There is currently a dispute between Texas-New Mexico Power Company ("TNP") and
Clear Lake Cogeneration Limited Partnership ("CLC"), which owns the Clear Lake
Power Plant, regarding certain costs and other amounts that TNP has withheld
from payments due under the power sales agreement from August 1997 until October
1998. TNP has withheld approximately $450,000 per month related to transmission
charges. In October 1997, CLC filed a petition for declaratory order with the
Texas Public Utilities Commission ("Texas PUC") requesting a declaration that
TNP's withholding is in error, which petition is currently pending. Also, as of
March 31, 1999, TNP has withheld approximately $7.7 million of standby power
charges. In addition to the Texas PUC petition, CLC filed an action in Texas
courts on October 2, 1997, alleging TNP's breach of the power sales agreement
and is seeking refund of the standby charges. In October 1998, TNP and CLC
reached an agreement in principle to settle all outstanding disputes. The
parties have finalized the settlement documentation which has been submitted for
approval by the Texas PUC. Both the Texas PUC action and the court action have
been put on hold pending completion of the settlement. The Company does not
believe this will have a material adverse effect on the consolidated
financial statements.
An action was filed against Lockport Energy Associates, L.P. ("LEA") and the New
York Public Service Commission ("NYPSC") in August 1997 by New York State
Electricity and Gas Company ("NYSEG") in the Federal District Court for the
Northern District of New York. NYSEG has requested the Court to direct NYPSC and
the Federal Energy Regulatory Commission (the "FERC") to modify contract rates
to be paid to the Lockport Power Plant.
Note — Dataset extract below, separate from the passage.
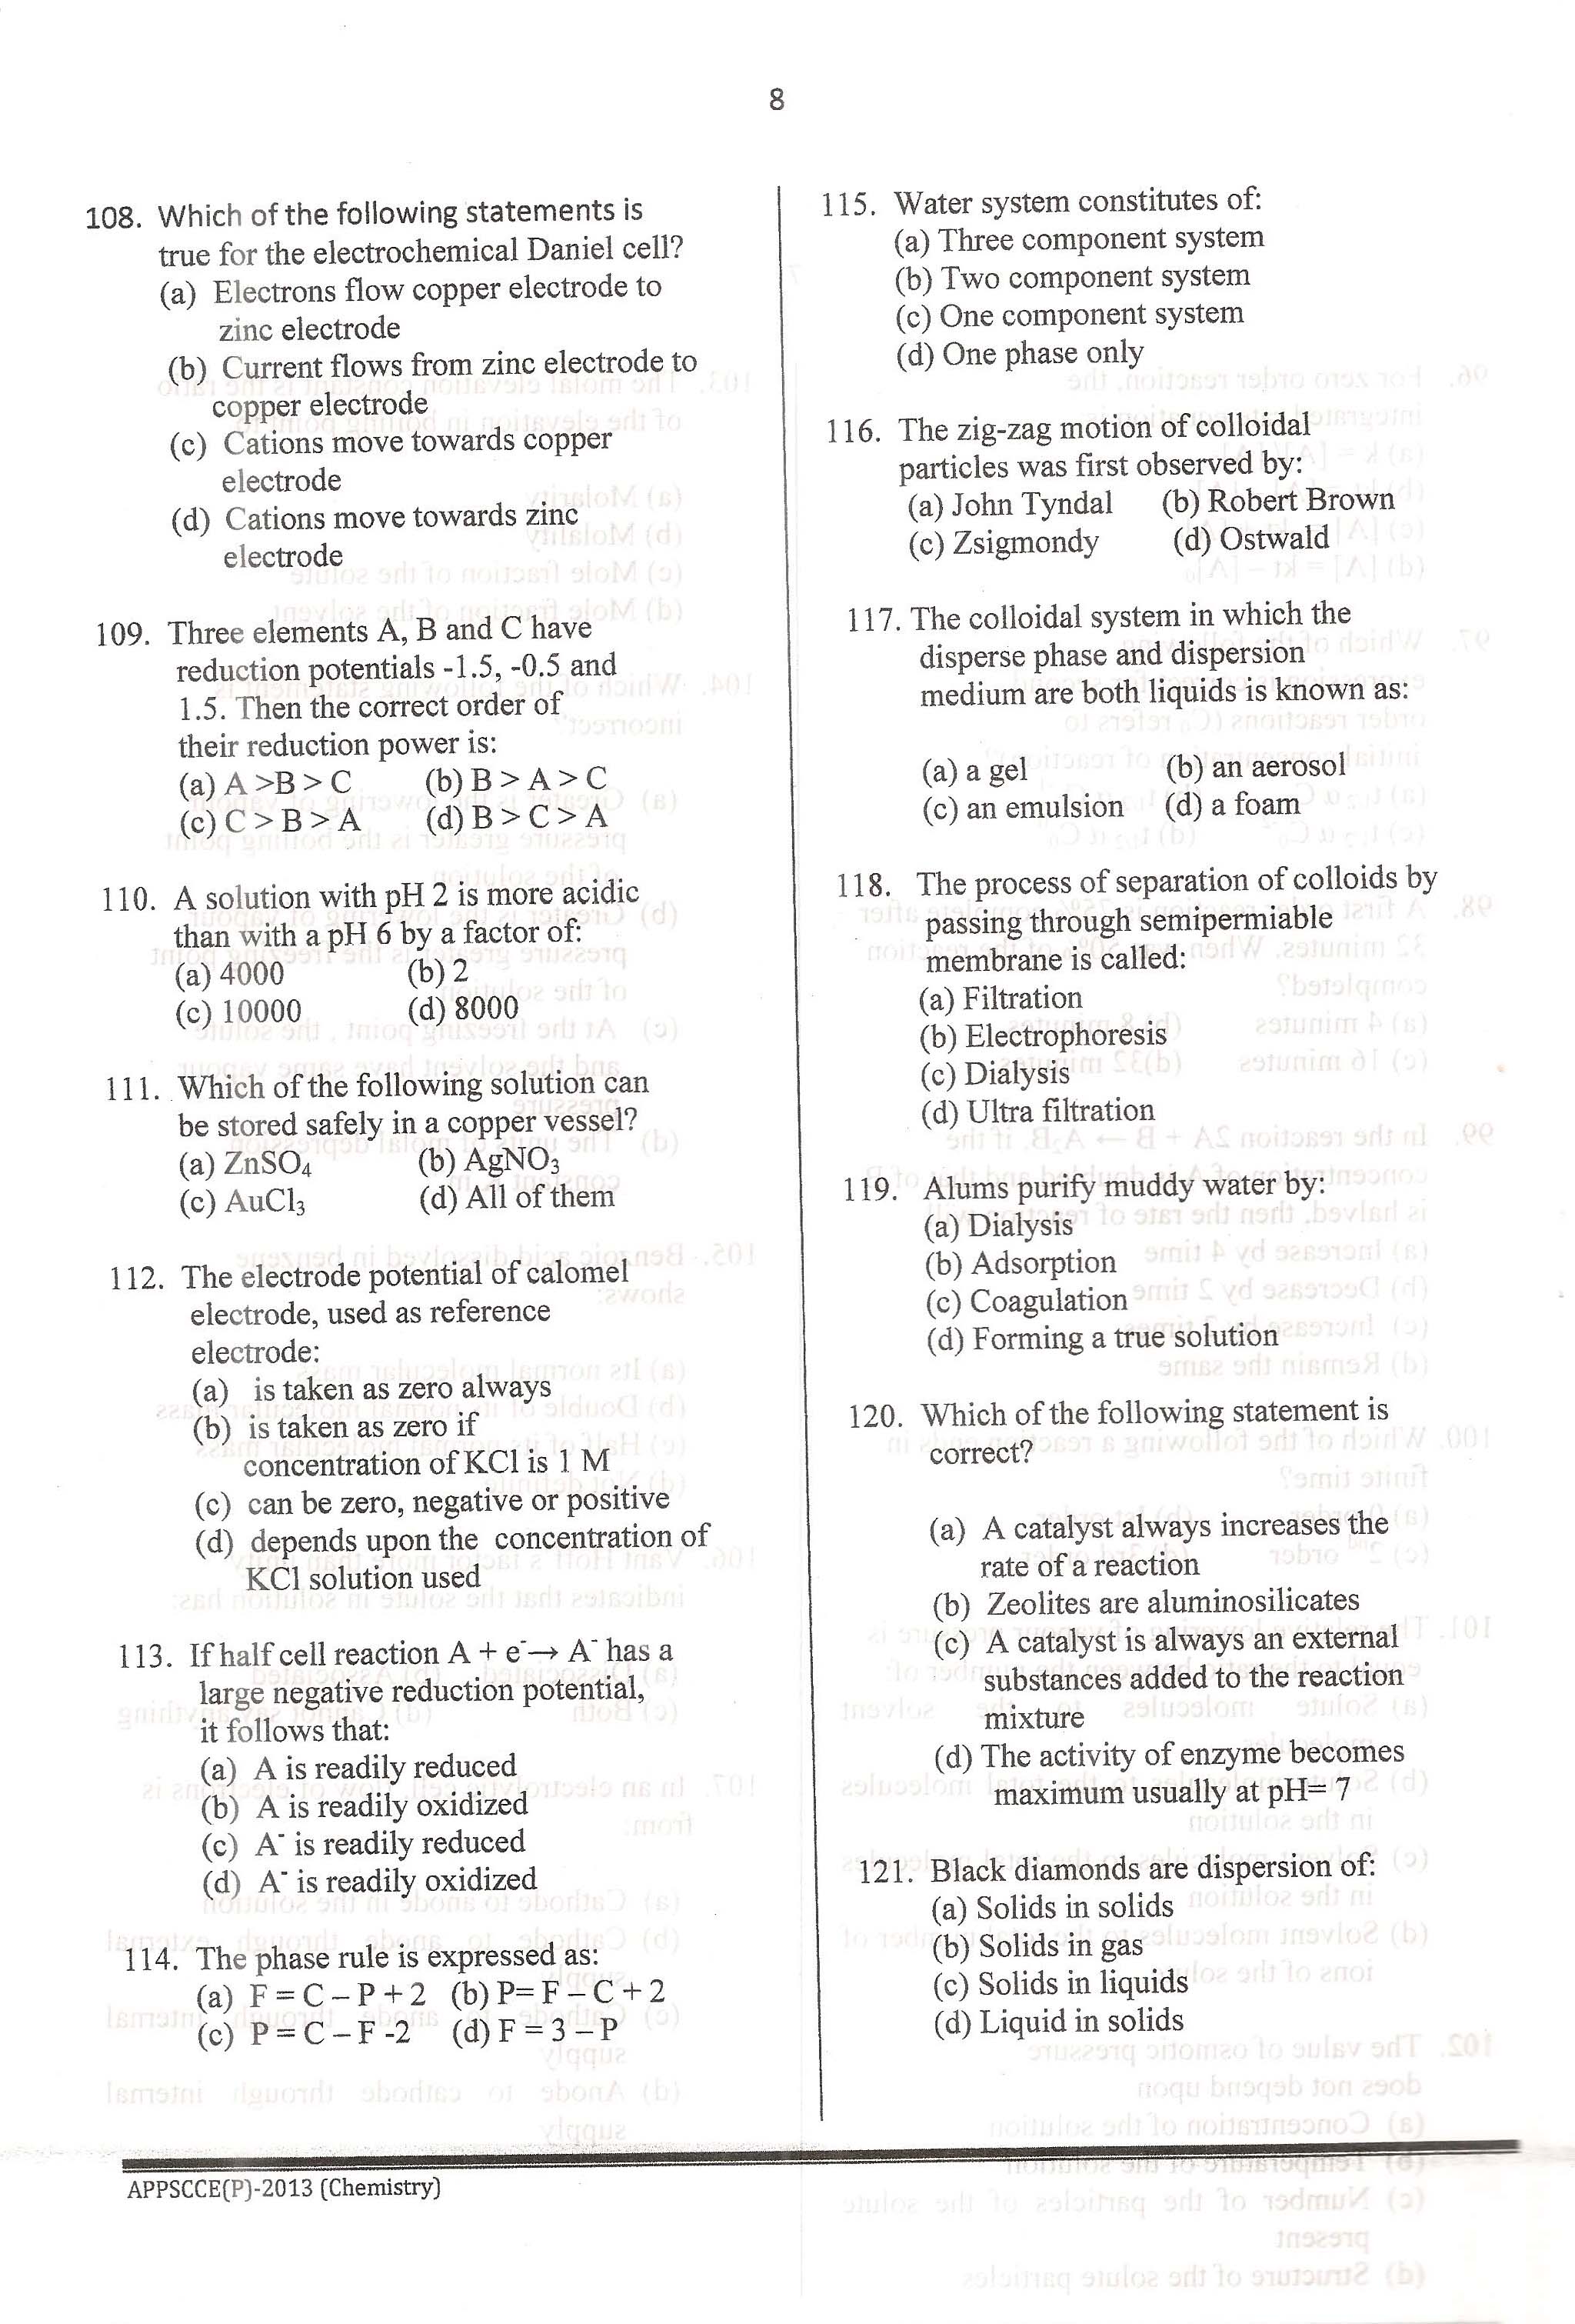 APPSC Combined Competitive Prelims Exam 2013 Chemistry 9

In October 1997, NYPSC filed a
cross-claim alleging that the FERC violated the Public Utility Regulatory
Policies Act of 1978 as amended, ("PURPA") and the Federal Power Act by failing
to reform the NYSEG contract that was previously approved by the NYPSC. Although
it is unable to predict the outcome of this case, in any event, the Company
retains the right to require The Brooklyn Union Gas Company ("BUG") to purchase
the Company's interest in the Lockport Power Plant for $18.9 million, less
equity distributions received by the Company, at any time before December 19,
2001.
The Company is involved in various other claims and legal actions arising out of
the normal course of business. The Company does not expect that the outcome of
these proceedings will have a material adverse effect on the Company's financial
position or results of operations, although no assurance can be given in this
regard.
12. Subsequent Event
On May 7, 1999, the Company completed the acquisition from PG&E, of 12 Sonoma
County and 2 Lake County power plants located at The Geysers, California for
approximately $212.8 million. The acquisition was financed with a 24 year
operating lease. The Company's geothermal steam fields fuel the facilities,
which have a combined capacity of approximately 700 megawatts of electricity.
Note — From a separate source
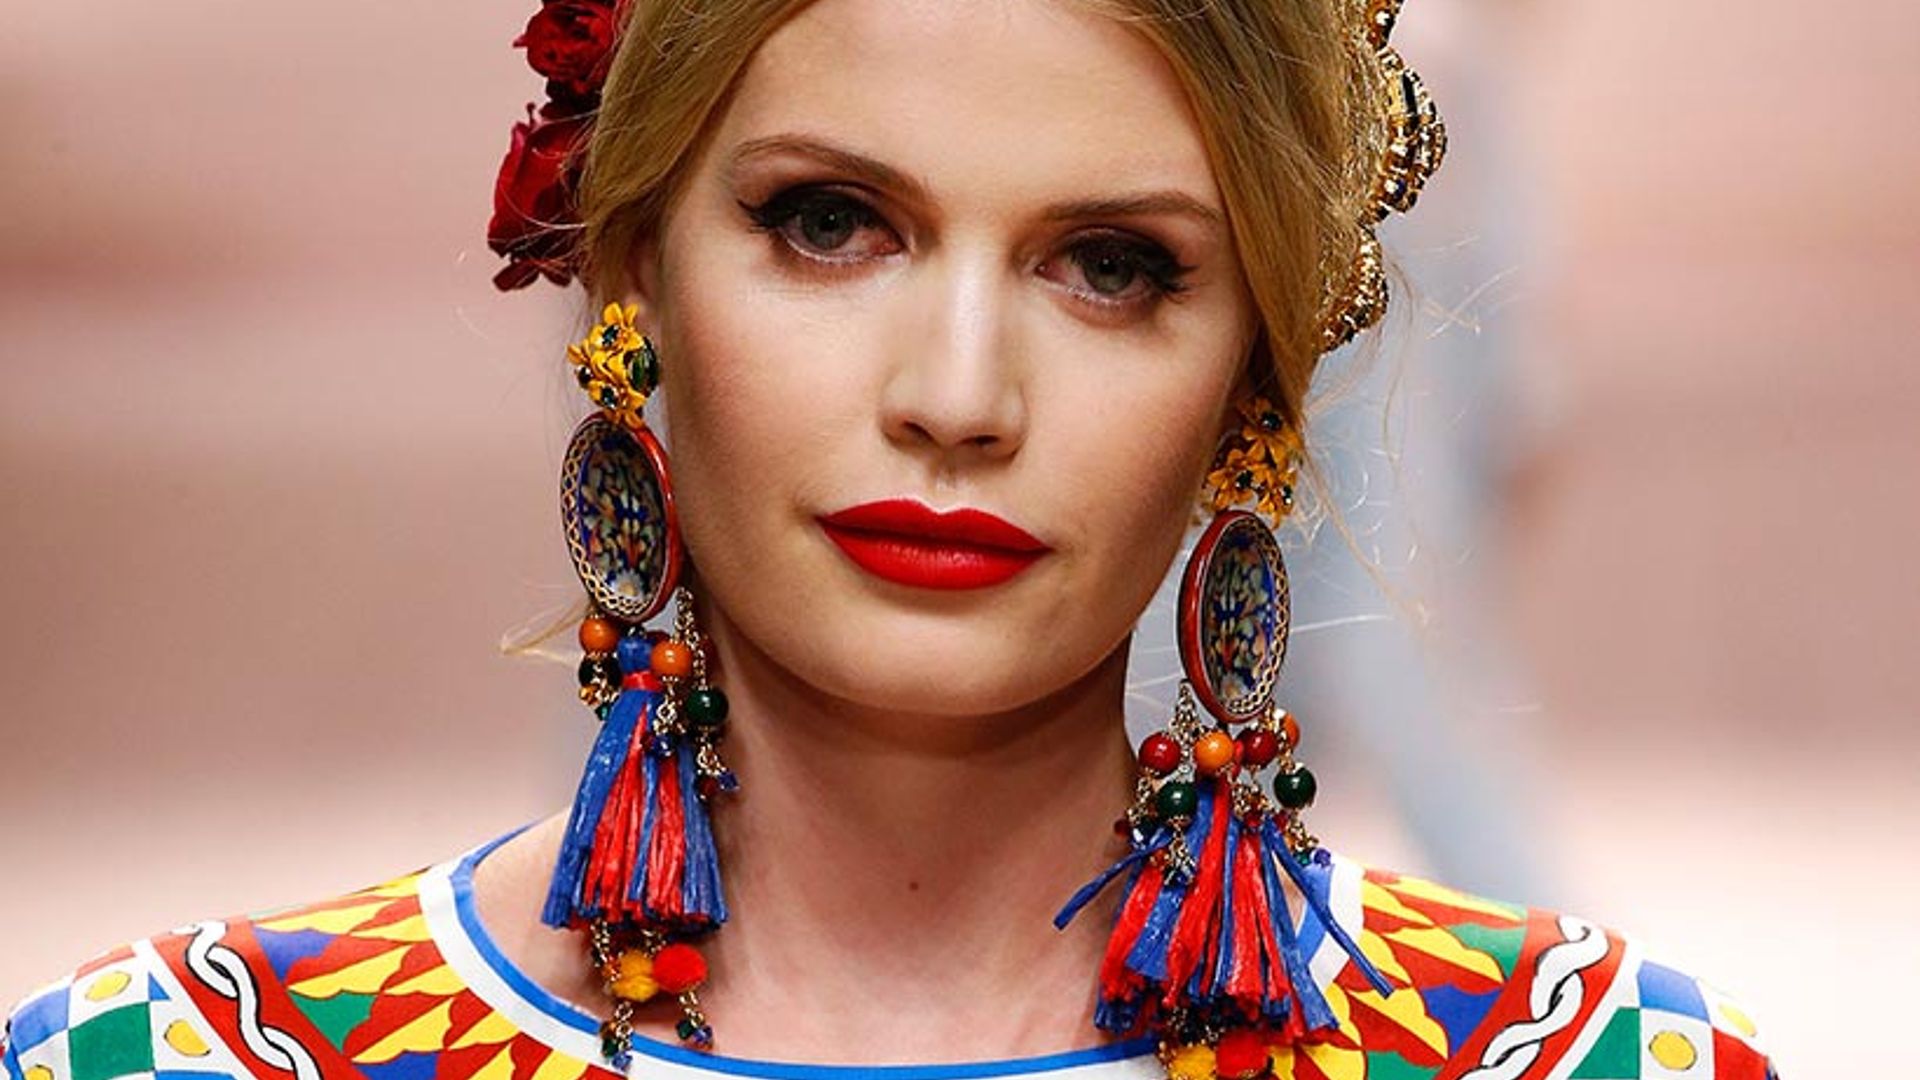 lady kitty spencer dolce and gabbana

All of the electricity generated from the facilities is sold into the California
energy market, with the exception of an agreement entered into on April 29, 1999
to sell to Commonwealth Energy Corporation 75 megawatts of geothermal
electricity in 1999, 100 megawatts in 2000, and 125 megawatts in 2001 and
through June 2002.
12
<PAGE>
ITEM 2. MANAGEMENT'S DISCUSSION AND ANALYSIS OF FINANCIAL CONDITION AND RESULTS
OF OPERATIONS
Except for historical financial information contained herein, the matters
discussed in this quarterly report may be considered forward-looking statements
within the meaning of Section 27A of the Securities Act of 1933, as amended, and
Section 21E of the Securities Exchange Act of 1934, as amended and subject to
the safe harbor created by the Securities Litigation Reform Act of 1995. Such
statements include declarations regarding our intent, belief or current
expectations. Prospective investors are cautioned that any such forward-looking
statements are not guarantees of future performance and involve a number of
risks and uncertainties; actual results could differ materially from those
indicated by such forward-looking statements. Among the important factors that
could cause actual results to differ materially from those indicated by such
forward-looking statements are: (i) that the information is of a preliminary
nature and may be subject to further adjustment, (ii) the possible
unavailability of financing, (iii) risks related to the development,
acquisition, and operation of power plants, (iv) the impact of avoided cost
pricing, energy price fluctuations and gas price increases, (v) the impact of
curtailment, (vi) the seasonal nature of our business, (vii) start-up risks,
(viii) general operating risks, (ix) the dependence on third parties, (x) risks
associated with international investments, (xi) risks associated with the power
marketing business, (xii) changes in government regulation, (xiii) the
availability of natural gas, (xiv) the effects of competition, (xv) the
dependence on senior management, (xvi) volatility in our stock price, (xvii)
fluctuations in quarterly results and seasonality, and (xviii) other risks
identified from time to time in our reports and registration statements filed
with the Securities and Exchange Commission.
Overview
Calpine is engaged in the development, acquisition, ownership, and operation of
power generation facilities and the sale of electricity and steam principally in
the United States. At March 31, 1999, we had interests in 22 powe plants and
three steam fields predominantly in the United States, having an aggregate
capacity of 3,018 megawatts.
On January 4, 1999, we completed the acquisition of a 20% interest in 82 billion
cubic feet of proven natural gas reserves located in the Sacramento basin of
Northern California. We paid approximately $14.9 million for $13.0 million in
redeemable non-voting preferred stock and 20% of the outstanding common stock of
Sheridan California Energy, Inc ("SCEI"). Additionally, we have signed a ten
year gas contract enabling us to purchase 100% of SCEI's production.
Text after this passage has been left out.